CEBAF delivers first beams following upgrade

23 July 2014

On 7 May, the newly upgraded Continuous Electron Beam Accelerator Facility (CEBAF) delivered the first electron beams to its new experimental complex at the US Department of Energy’s (DOE’s) Jefferson Lab. The success capped a string of accelerator commissioning milestones that were needed for approval to restart experimental operations following CEBAF’s first major upgrade.

CEBAF is an electron-accelerator facility that employs superconducting radiofrequency (SRF) technology to investigate the quark structure of the nucleus. The first large-scale application of SRF technology in the US, it was originally built to circulate electrons through 1–5 passes to provide 4 GeV electron beams. As a result of the operators’ experience in running the machine at its peak potential, the original installation eventually achieved operational energies of 6 GeV (CERN Courier October 2000 p9).

In May 2012, the accelerator was shut down for its 12 GeV upgrade (CERN Courier November 2012 p30). This $338-million project, which will double CEBAF’s maximum energy, includes the construction of a fourth experimental hall (Hall D), as well as upgrades to equipment in three existing halls (Halls A, B and C) (CERN Courier April 2009 p15).

Accelerator operators began the painstaking task of bringing the accelerator back online last December. By 5 February, they had achieved the full upgrade-energy acceleration of 2.2 GeV in one pass through the machine. Then on 1 April, the operators exceeded CEBAF’s previous maximum energy. The accelerator delivered three-pass, 6.11-GeV electron beams with 2 nA average current onto a target in Hall A, and recorded the first data of the 12-GeV era, holding the pattern for more than an hour.
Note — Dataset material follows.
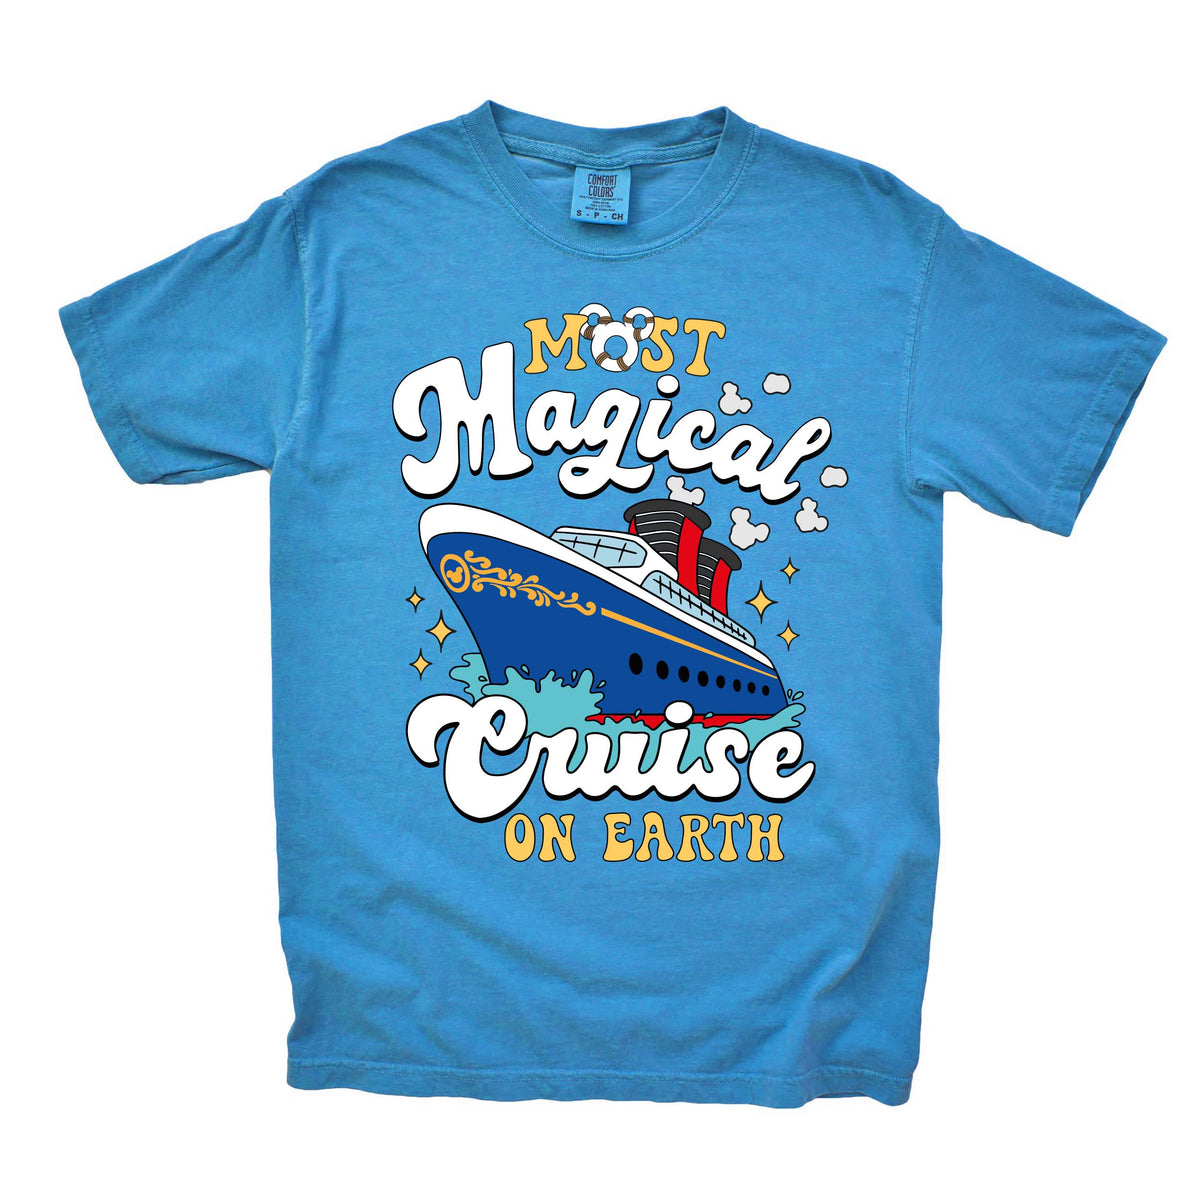 Most Magical Cruise on Earth Tee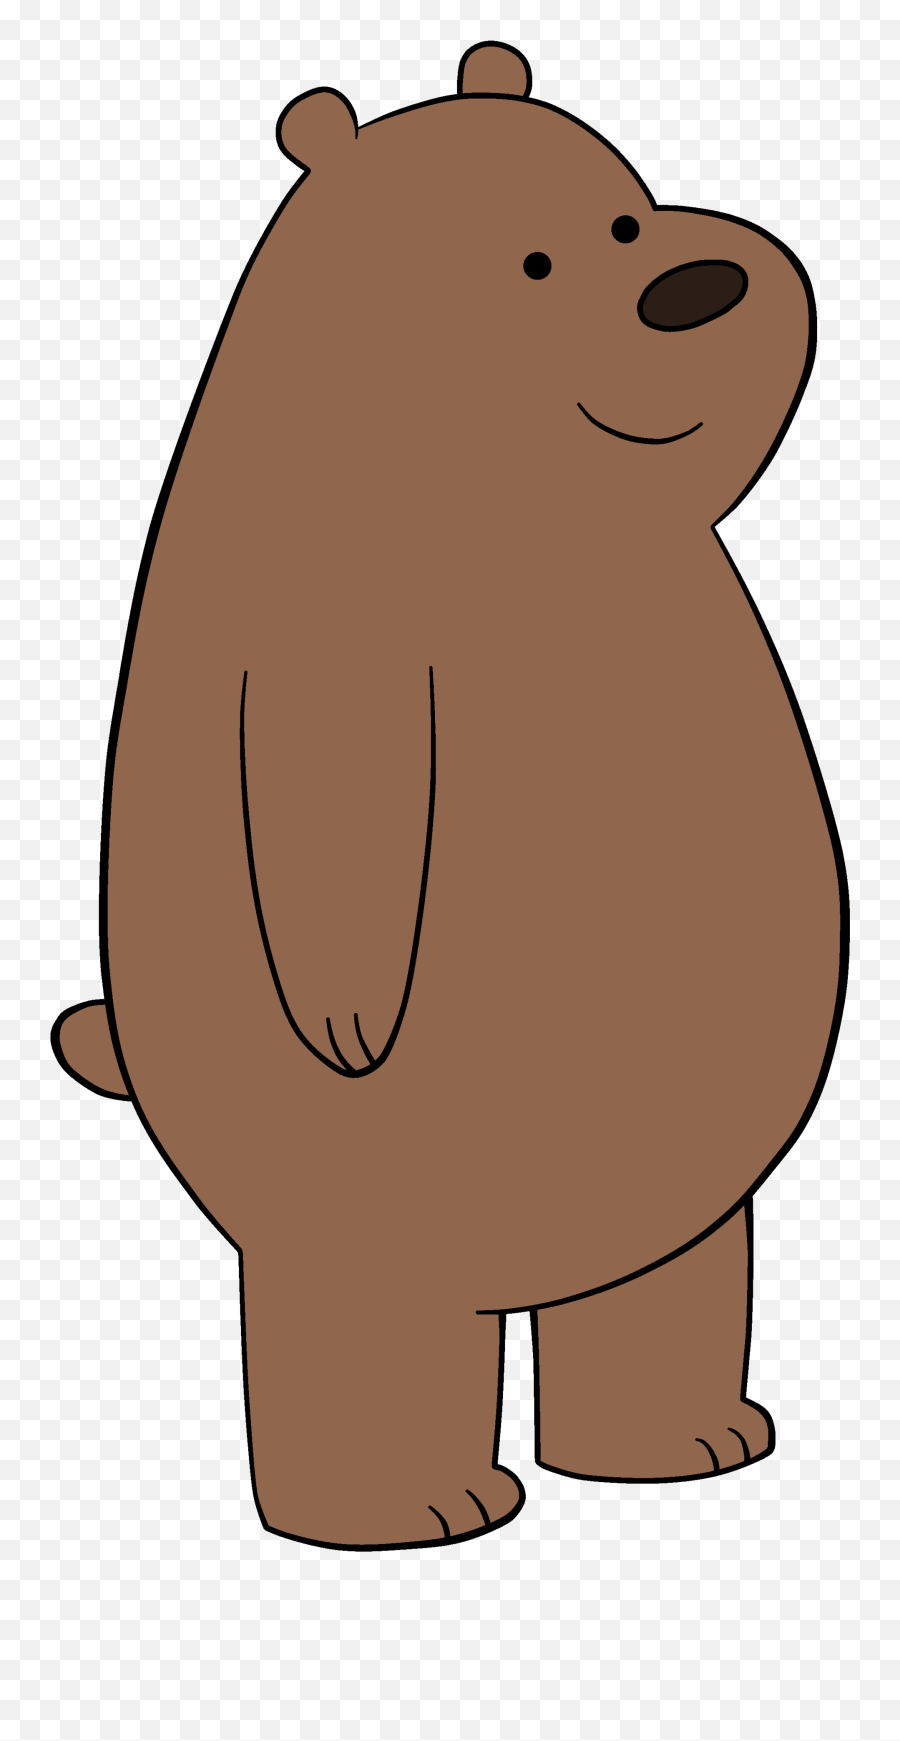 Grizzly - We Bare Bears Drawing Grizzly Emoji,Grizzly Bear Png

The operators continued to push the upgraded machine, and early on 7 May the energy was increased to 10.5 GeV through the entire 5.5 passes. In the last minutes of the day, 10.5 GeV beam was delivered into the new Hall D complex. Having met all of the major milestones in the 12-GeV project for the DOE approval step, Critical Decision-4A (Accelerator Project Completion and Start of Operations), staff and users are now looking forward to demonstration of 12-GeV energy and beam delivery to Jefferson Lab’s experimental halls for commissioning and the start of experiments.